A is an adjacency matrix of a transaction network and is expressed as A epsilon R^n×n. X is a node characteristic, and can be used as X belonging to R^n×dWhere d represents the dimension of the feature and n represents the total number of nodes. y represents whether the target node is a phishing account, y-1 represents that the target node is a phishing account, and y-0 represents that the target node is not a phishing account.

S3.2: by using the graph convolutional layer automatic aggregation node field information of the Chebyshev GCN, the convolutional layer form of the Chebyshev GCN is defined as:

wherein, beta_kAre coefficients corresponding to the Chebyshev polynomial, these parameters will be updated iteratively in the training, and X is the node feature vector of the second order trading network.

Is a Chebyshev polynomial of order k due to T_k(x) Cos (k. arccos (x)), hence the diagonal matrix of eigenvalues

Needs to be fixed at [ -1,1 [)]In between, expressed as:

where lambda is_maxIs obtained by a power iteration method, and L is a Laplace matrix

The advantage of such a transformation is that the computation process does not need to perform the eigenvector decomposition anymore. Since the extracted second-order transaction subgraph is a directed network, the laplacian matrix is transformed to:

where a is the adjacency matrix of the transaction subgraph,

is the sum of the adjacency matrix and its transpose,

is a deformed adjacency matrix

The degree matrix of (2) is a diagonal matrix. σ () is the activation function, and ReLu () max (0,) is chosen as the activation function.

In the actual operation process, the property of the Chebyshev polynomial can be utilized to obtain the recursion:

the scheme adopts two layers of Chebyshev GCN to aggregate neighborhood information of the target node, and the transaction subgraph feature extracted by taking the target account u as the center is represented as o_u＝gs。

S3.3: and extracting feature information after convolution of two layers of Chebyshev GCN in the step S3.2 by using a pooling function. The pooling function here is an average pooling function, and the node features are pooled into graph features by an average pooling layer, defined as:

y_pooling＝AvgPooling(o_u) (6)

s3.4: further training a full connection layer to distinguish phishing accounts from non-phishing accounts by using features:

where W and b are the trainable weight matrix and bias matrix respectively,

is the probability matrix of the final prediction result.

All the above trainable parameters are updated optimally by minimizing the following cross entropy loss function and using a gradient descent method:

the invention has the advantages that:

1. the method of extracting the second-order transaction network of the account and dynamically selecting the number of neighbors effectively avoids huge storage loss and operation loss required by using complete network data;

2. the high requirement on professional knowledge is relieved through the depth map neural network;

3. the phishing account is distinguished through the graph neural network, and phishing behaviors in the virtual currency field are effectively predicted.

4. The precision of the phishing account detection method provided by the invention is superior to that of the existing detection methods such as walking, graph embedding and the like.

Drawings

In order to more clearly illustrate the embodiments of the present invention or the technical solutions in the prior art, the drawings used in the embodiments will be briefly described below.

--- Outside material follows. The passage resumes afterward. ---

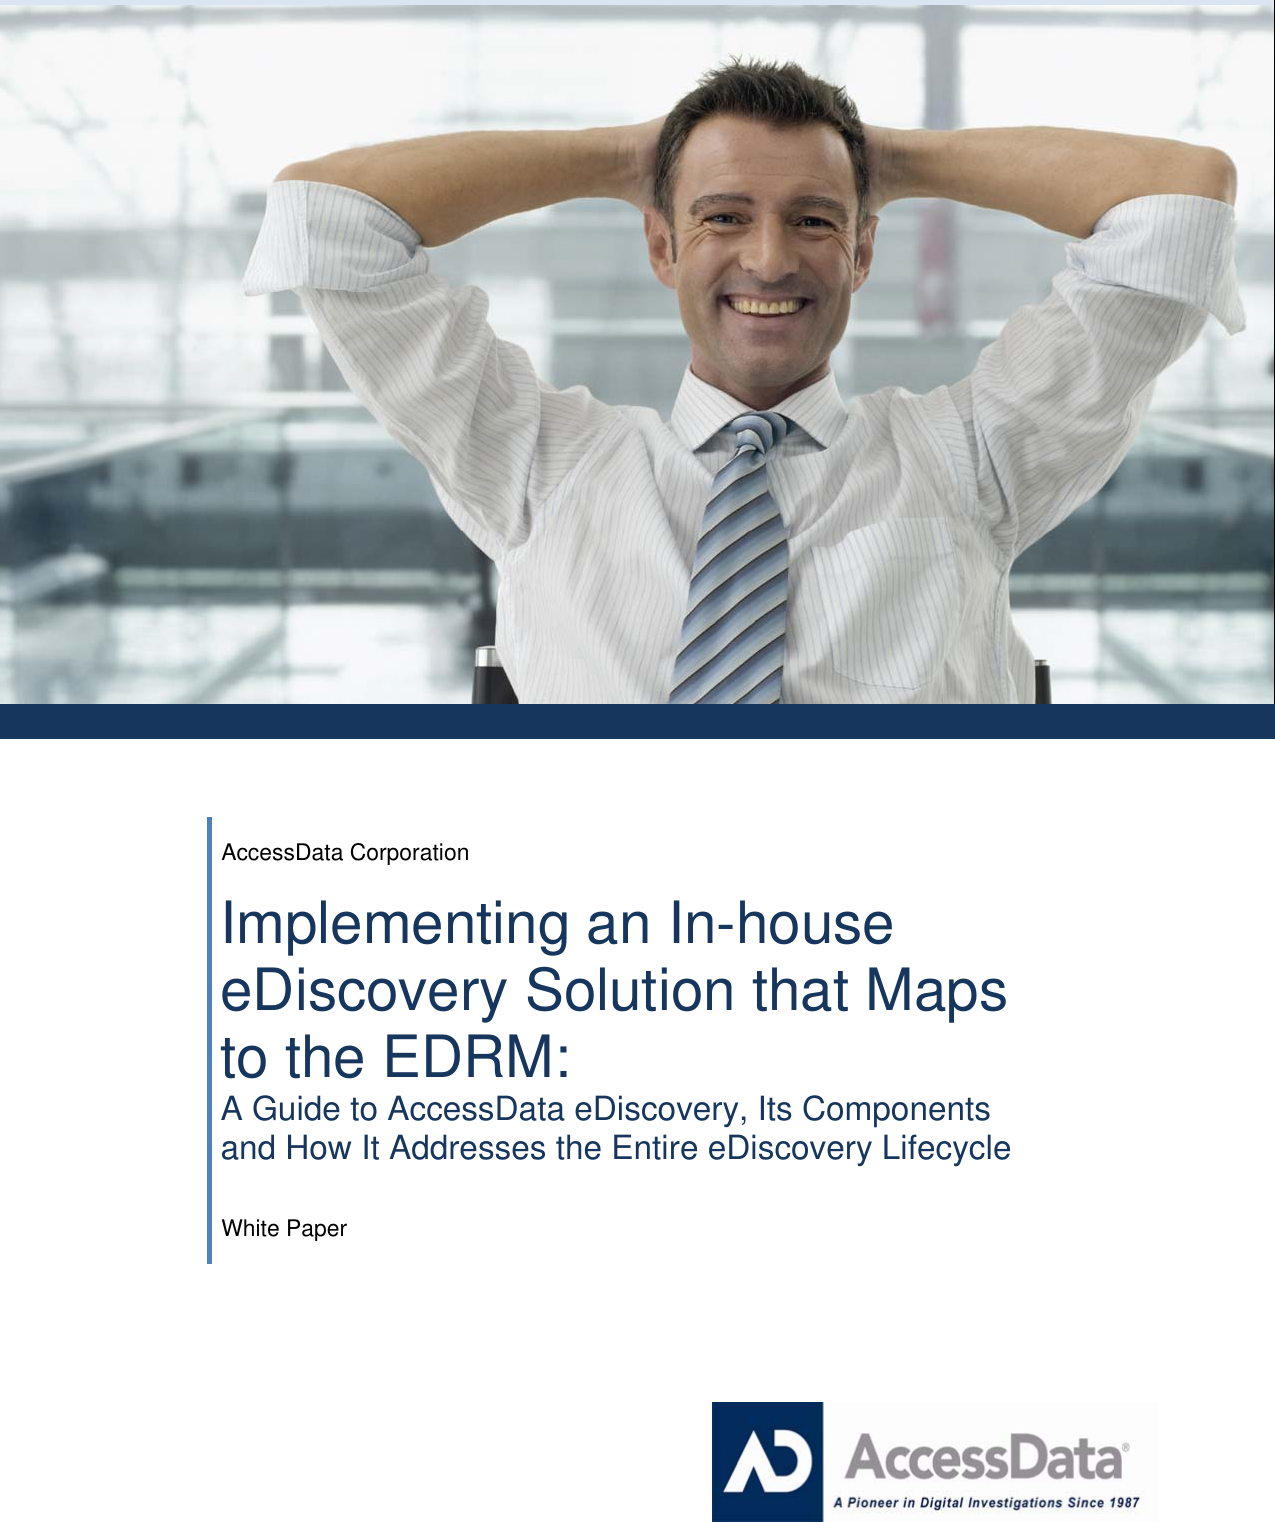 Page 1 of 12 - Guide To AccessData EDiscovery_MapsEDRM_3-4-10[1]  AD E Discovery Implementing In-House Solution Maps EDRM

FIG. 1 is a flow chart of the present invention.

Fig. 2 is a sampling method of the present invention.

Fig. 3 is a schematic diagram of the second order transaction sub-graph sampling process of the present invention.

Detailed Description

In order that those skilled in the art will better understand the disclosure, the following detailed description will be given of the embodiments of the present invention, which are described as only a part of the embodiments of the present invention, but not as all embodiments. This description is not to be taken in a limiting sense, but is intended to be a more detailed description of certain aspects and embodiments of the invention. All other embodiments, which can be obtained by a person skilled in the art without inventive effort based on the embodiments of the present invention, are within the scope of the present invention.

Example 1

The technical scheme provides a method for identifying a phishing account in a transaction network based on a deep network model aiming at the transaction information of an Ether house, and specifically comprises the following steps:

s1: a lightweight data set is constructed. Sampling is carried out from the open Ether house transaction records, the large-scale data is lightened, a second-order transaction subgraph network is constructed, and the characteristics of accounts in the network are extracted.

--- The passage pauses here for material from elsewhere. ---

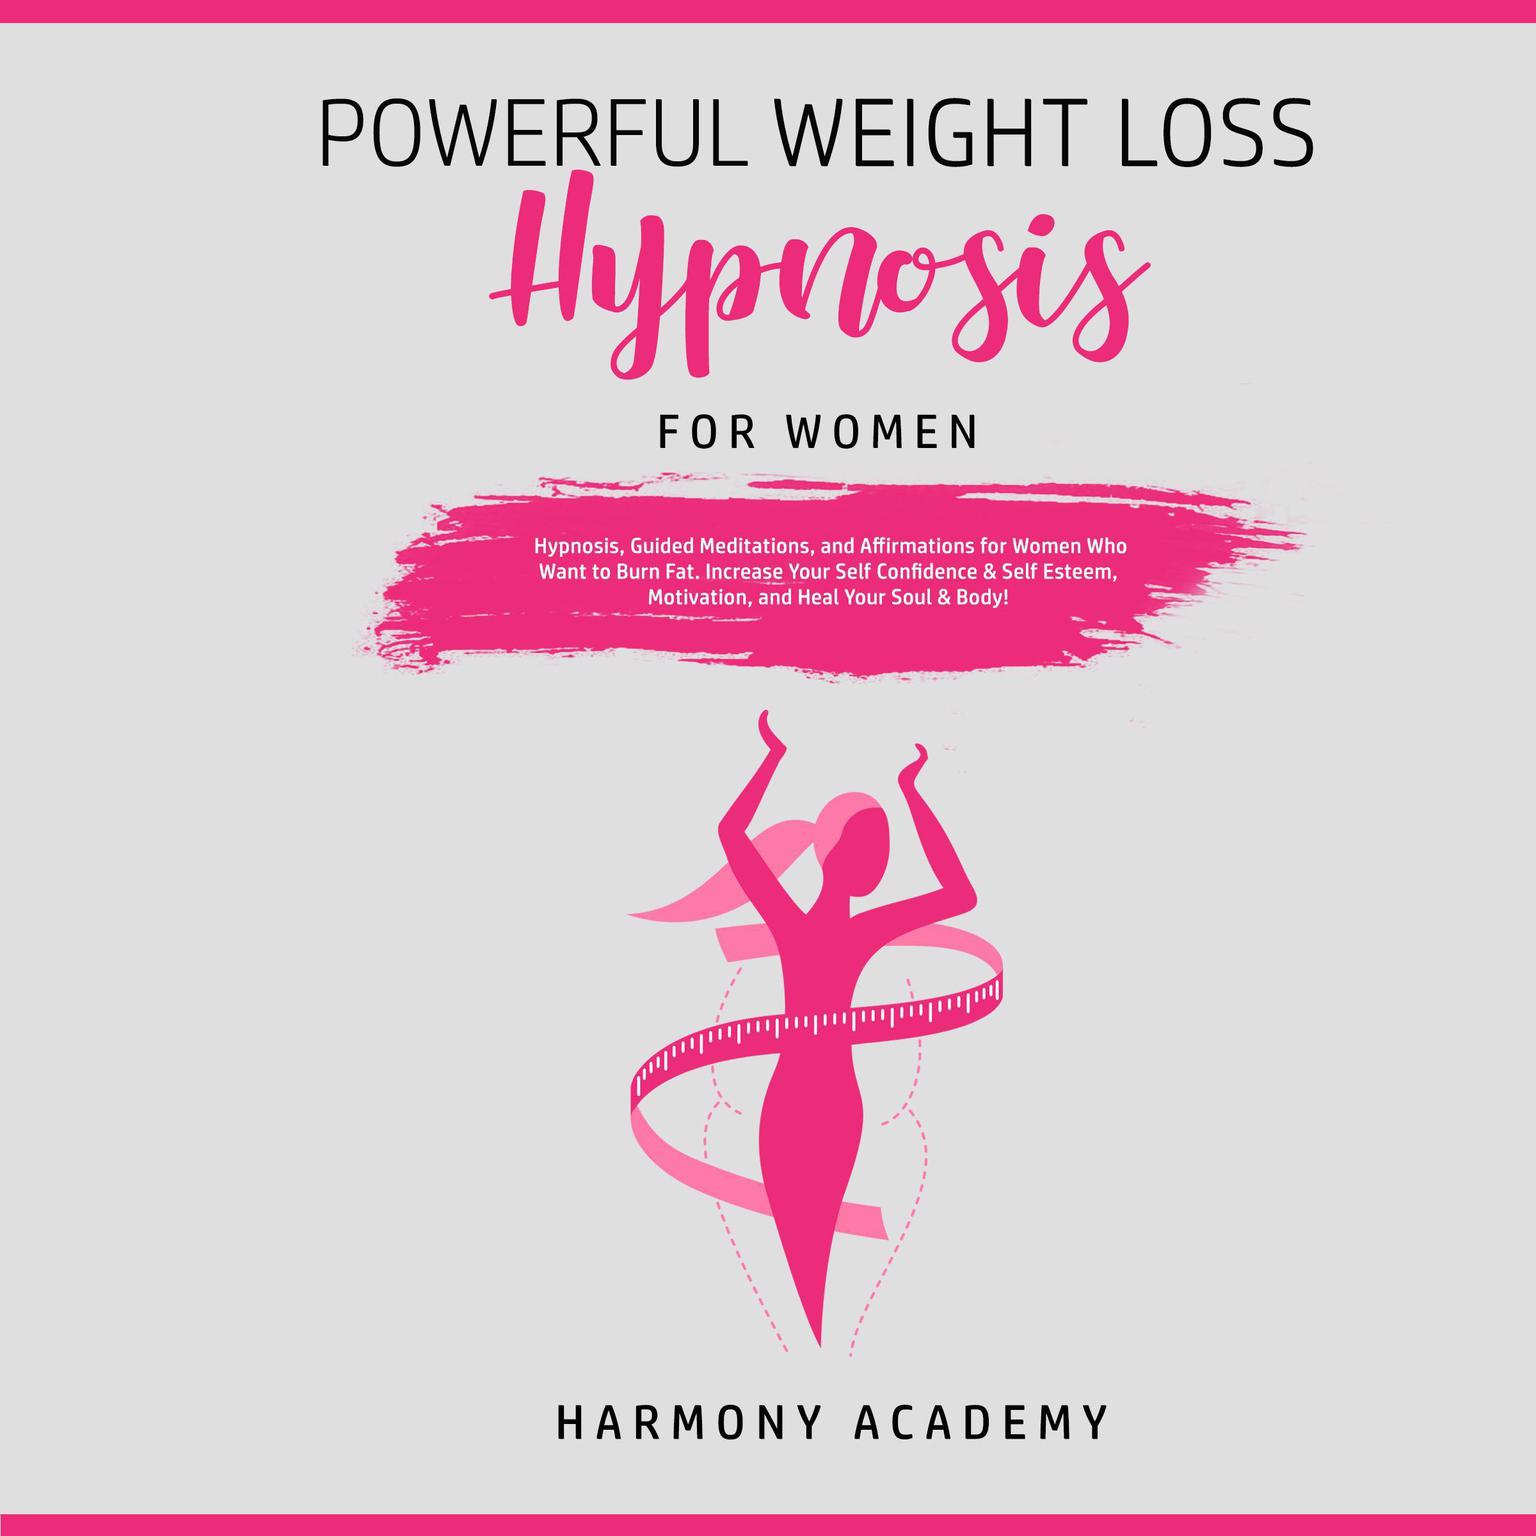 Powerful Weight Loss Hypnosis for Women: Hypnosis, Guided Meditations, and Affirmations for Women Who Want to Burn Fat. Increase Your Self Confidence & Self Esteem, Motivation, and Heal Your Soul & Body! Audiobook, by Harmony Academy

S1.1: 1165 phishing accounts are collected from the tag cloud of the etherhouse blockchain browser etherscan. The lightweight data set has 1686003 accounts and 4380616 transaction records. The extracted transaction data set has 167 weak connected components, and only the maximum weak connected component is used, so that 1684164 accounts and 4378716 transaction records are shared;

s1.2: on the basis of the light weight data, the data set is subjected to light weight operation again by using a random walk sampling algorithm. Starting from one node, random walks were performed to obtain five networks of different sizes, as shown in table 1:

data set	Number of nodes	Number of connecting edges	Number of fishing nodes
				G1	20000	131189	242
G2	30000	172011	363
				G3	40000	202595	462
G4	50000	227854	556
				G5	60000	250402	604

Table 1 five data set information

S1.3: the accounts in the trading networks of phishing and non-phishing are characterized separately.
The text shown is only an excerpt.